TASK: All entries must be transcribed without a single difference.

DATA TO EXAMINE:
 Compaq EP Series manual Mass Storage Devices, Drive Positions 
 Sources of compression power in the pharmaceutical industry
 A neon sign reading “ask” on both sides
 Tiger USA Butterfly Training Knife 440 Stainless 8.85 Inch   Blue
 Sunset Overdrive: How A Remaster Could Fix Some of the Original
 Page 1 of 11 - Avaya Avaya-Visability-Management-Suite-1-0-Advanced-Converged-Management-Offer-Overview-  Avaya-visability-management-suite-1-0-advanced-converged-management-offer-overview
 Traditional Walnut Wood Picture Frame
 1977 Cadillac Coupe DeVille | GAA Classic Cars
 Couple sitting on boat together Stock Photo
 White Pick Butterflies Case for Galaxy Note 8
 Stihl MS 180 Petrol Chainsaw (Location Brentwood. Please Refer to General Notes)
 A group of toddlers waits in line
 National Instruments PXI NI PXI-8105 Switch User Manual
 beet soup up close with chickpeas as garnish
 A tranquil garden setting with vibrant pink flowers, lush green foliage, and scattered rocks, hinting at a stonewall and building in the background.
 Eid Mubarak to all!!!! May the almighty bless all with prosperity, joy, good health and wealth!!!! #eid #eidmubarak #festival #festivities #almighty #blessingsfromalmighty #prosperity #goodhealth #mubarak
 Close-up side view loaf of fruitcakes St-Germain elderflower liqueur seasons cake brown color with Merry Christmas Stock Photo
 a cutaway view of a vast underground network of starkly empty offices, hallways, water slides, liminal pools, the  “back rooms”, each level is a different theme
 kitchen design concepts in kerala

EXERCISE OUTPUT:
 Compaq EP Series manual Mass Storage Devices, Drive Positions 
 Sources of compression power in the pharmaceutical industry
 A neon sign reading “ask” on both sides
 Tiger USA Butterfly Training Knife 440 Stainless 8.85 Inch   Blue
 Sunset Overdrive: How A Remaster Could Fix Some of the Original
 Page 1 of 11 - Avaya Avaya-Visability-Management-Suite-1-0-Advanced-Converged-Management-Offer-Overview-  Avaya-visability-management-suite-1-0-advanced-converged-management-offer-overview
 Traditional Walnut Wood Picture Frame
 1977 Cadillac Coupe DeVille | GAA Classic Cars
 Couple sitting on boat together Stock Photo
 White Pick Butterflies Case for Galaxy Note 8
 Stihl MS 180 Petrol Chainsaw (Location Brentwood. Please Refer to General Notes)
 A group of toddlers waits in line
 National Instruments PXI NI PXI-8105 Switch User Manual
 beet soup up close with chickpeas as garnish
 A tranquil garden setting with vibrant pink flowers, lush green foliage, and scattered rocks, hinting at a stonewall and building in the background.
 Eid Mubarak to all!!!! May the almighty bless all with prosperity, joy, good health and wealth!!!! #eid #eidmubarak #festival #festivities #almighty #blessingsfromalmighty #prosperity #goodhealth #mubarak
 Close-up side view loaf of fruitcakes St-Germain elderflower liqueur seasons cake brown color with Merry Christmas Stock Photo
 a cutaway view of a vast underground network of starkly empty offices, hallways, water slides, liminal pools, the  “back rooms”, each level is a different theme
 kitchen design concepts in kerala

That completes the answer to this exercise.